I first heard about Papa's Wife a few years ago and am just now reading the trilogy!

 

This is mainly gentle, heartwarming writing about a Christian family and their life together, beginning in Lapland, then in America when the father, a preacher, accepts a call to America (which fulfills his wife's dream of raising their eight children in America where they can be *properly* educated).

 

From the book jacket: "The delightfully fresh and unaffected story of the Franzons' life together over a long period of golden years, a life lit by love and limitless trust in God."

 

The life, the friends, the inevitable troubles (both familial and in learning the life and the language of a new country) - the ways of life - told charmingly, sometimes humorously.
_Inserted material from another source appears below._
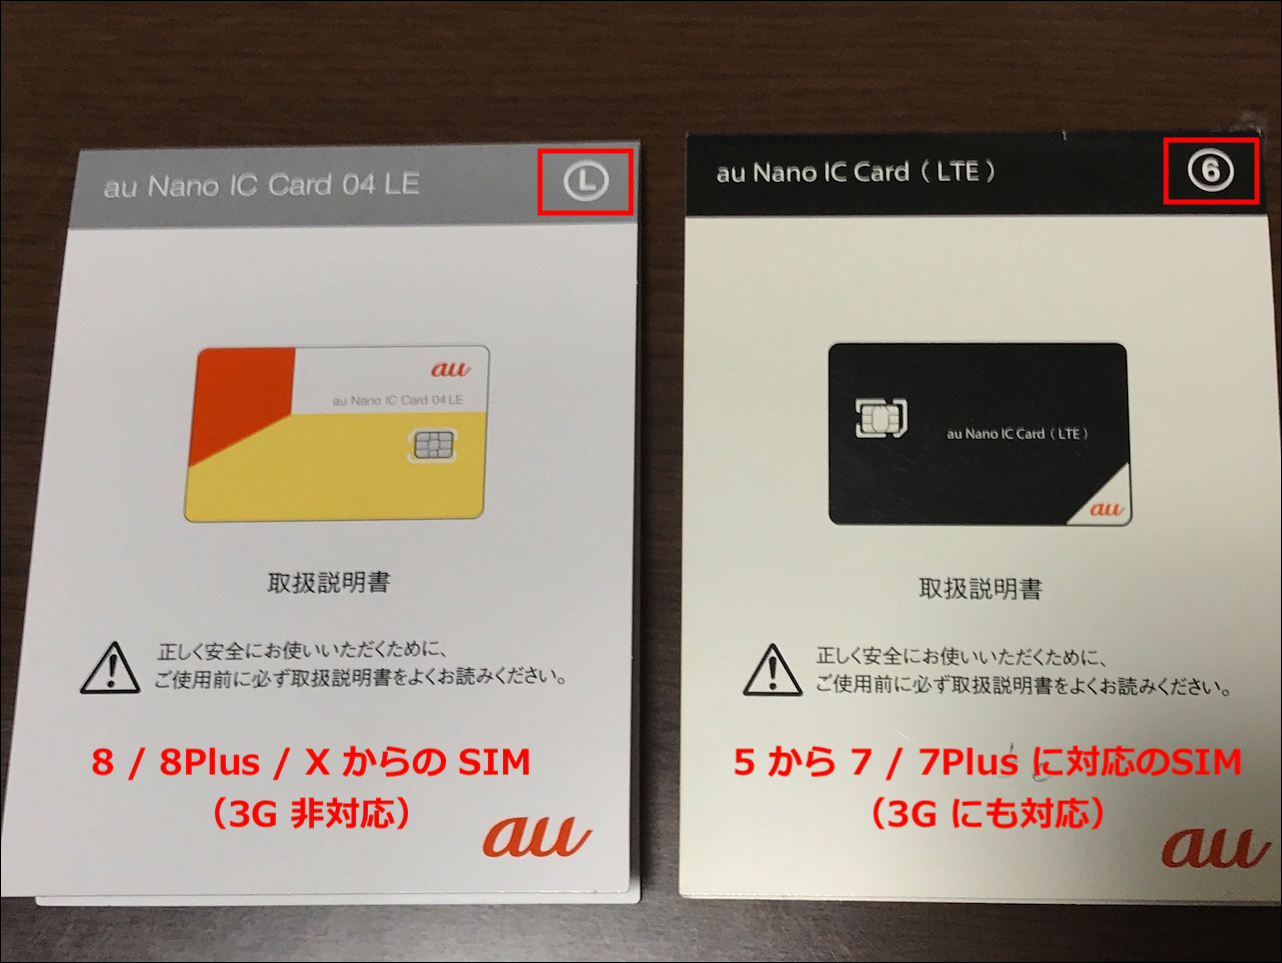 [10000印刷√] au nano ic card 04 le 違い 136120-Au nano ic card 04 le 違い
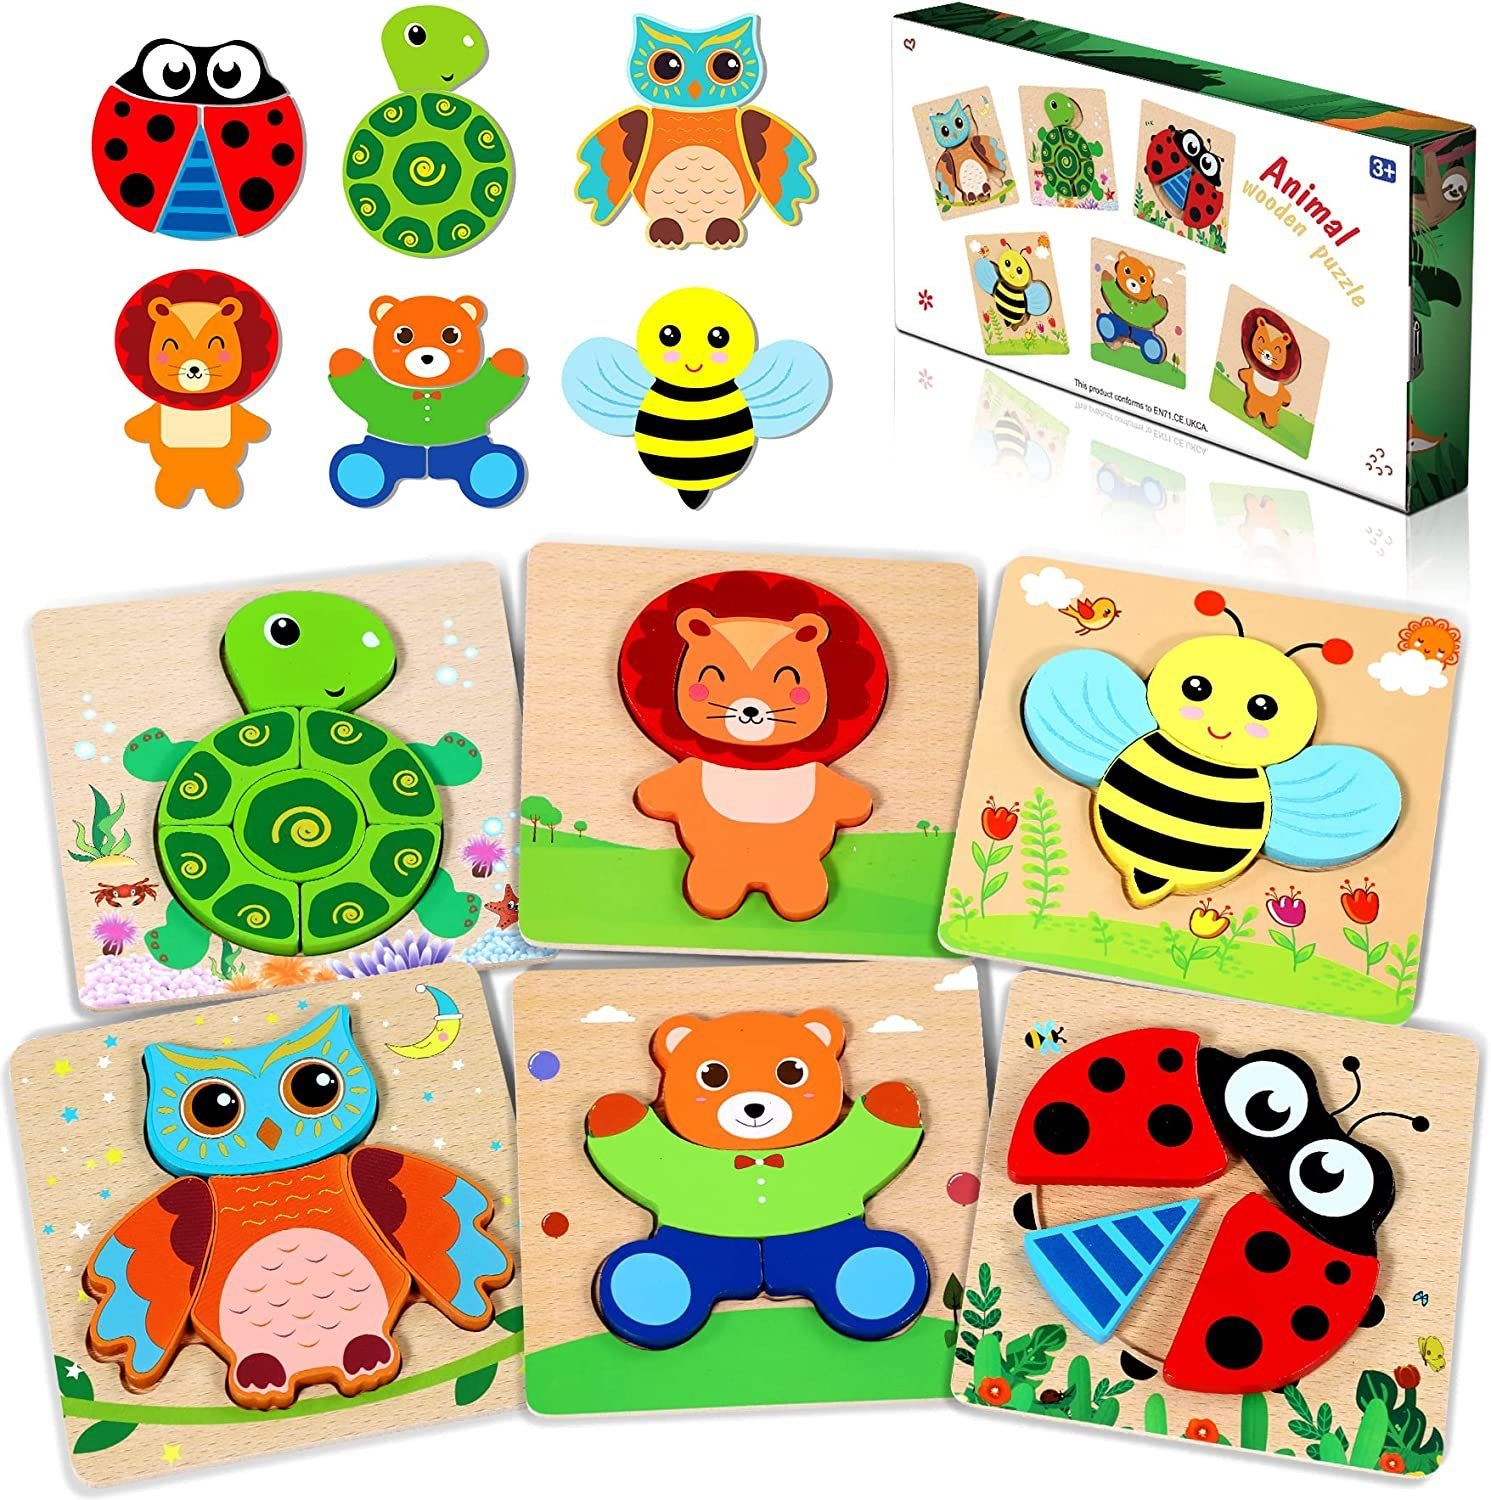 POPOLIC 3D пазлы spielzeug puzzle, 6pcs kinder holzpuzzle, 6 Пазлыteile, Verbesserung der Lernfähigkeit Ihres Kindes

These books were written in the 1950's and apparently are loosely based on the author's parents and her life.

 

From the back jacket: "Thyra Ferre´ Bjorn was born in a small village in Swedish Lapland. Like the Franzon family, there were four sisters and four brothers and their father was the pastor of a Baptist Church. She came with her family to America in 1924 when her father received a call from a Swedish church in Springfield, Massachusetts."

 

I finished Papa's Daughter yesterday; it begins briefly back at the beginning, but from the perspective of the "troublesome" daughter, then continues forward from where Papa's Wife concluded. I have barely begun Mama's Way, but it appears to not pick up where the last left off, but I could be wrong!

 

Thanks. I'll add that to my list when I want something gentle that's not heavy. First I'll see if I can get it through the library.